Simon Wain-Hobson, a virologist at the Pasteur Institute in Paris, also said it was irresponsible for the NIH to allow researchers to boost viruses tenfold before notifying the agency for oversight.
“They simply shouldn’t have been doing these experiments,” Wain-Hobson told the DCNF.
However, Wain-Hobson noted that tenfold enhanced viral growth isn’t something that most virologists would get too worked up over.
“Viral growth, indeed the enhanced growth of any pathogenic microbe is not good news,” Wain-Hobson explained. “That said, and given the intrinsic variation in our assays, virologists would probably not [get] too worked up if a virus grew 2, 5 or 10 during the growth of a virus in culture. 100 fold yes. Please understand that we’re not like physicists who can give values with errors sometimes less than 1%.”
“The growth conditions can be very sensitive to the state of the cells when infected, how that are manipulated and so on,” he added. “2-5 fold differences would produce a yawn. This is not professional incompetence, just the nature of our work. Students get used to it fast.”
Jack Nunberg, a virologist who previously told The Intercept that EcoHealth was “sort of crazy” for tinkering with MERS viruses in Wuhan, said the NIAID’s one log benchmark was reasonable.

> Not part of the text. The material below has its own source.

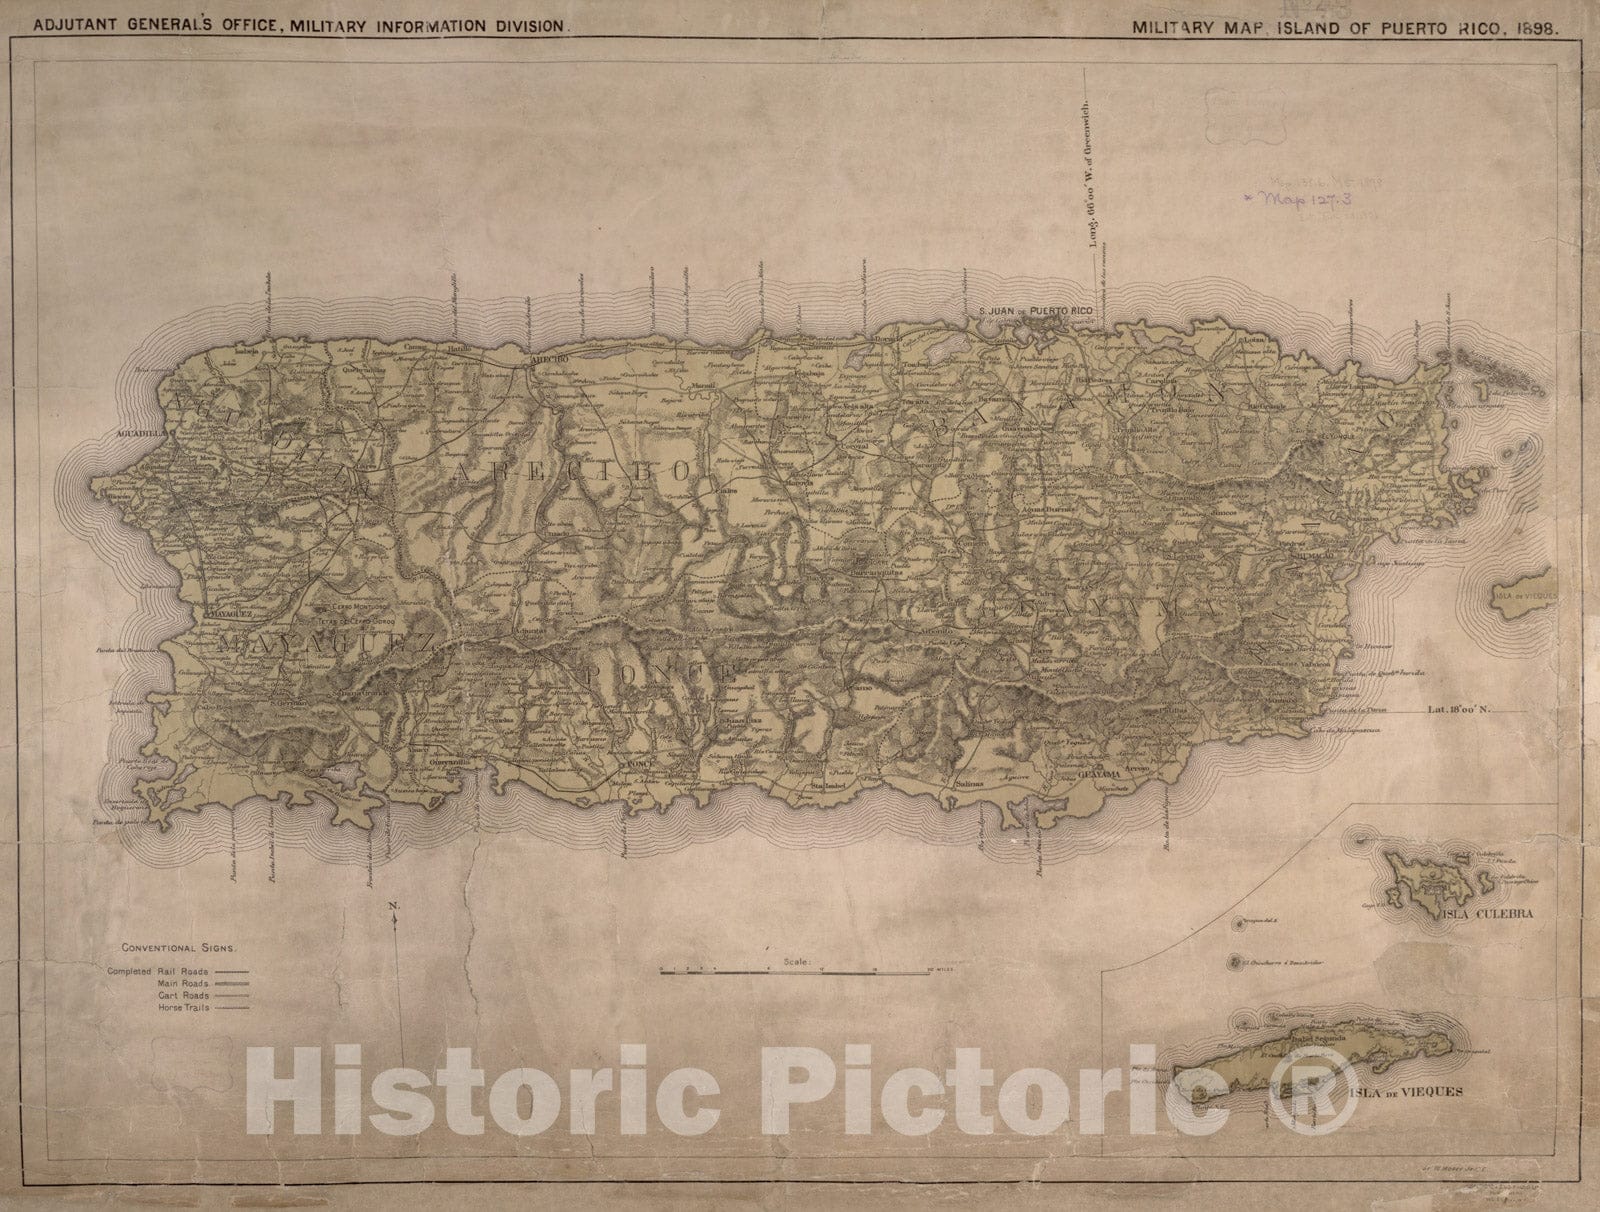 Historical Map, 1898 Military Historical Map, Island of Puerto Rico, Vintage Wall Art

“Anything less than 1 log is difficult to measure/believe with any confidence, and the scrutiny occurs at all levels – in peer review and administratively,” said Nunberg, who serves as director of the Montana Biotechnology Center at the University of Montana.
“NIH cannot (and should not) micromanage research and relies on the integrity of its principal investigators and their responsible institutions,” Nunberg told the DCNF. “This trust turns out to have been misguided in the case of the Beltway bandit Daszak and his Chinese collaborators, but we need be careful not to throw out the baby with the bathwater. The onus was on the PI to immediately disclose this information to NIH – Daszak did not.”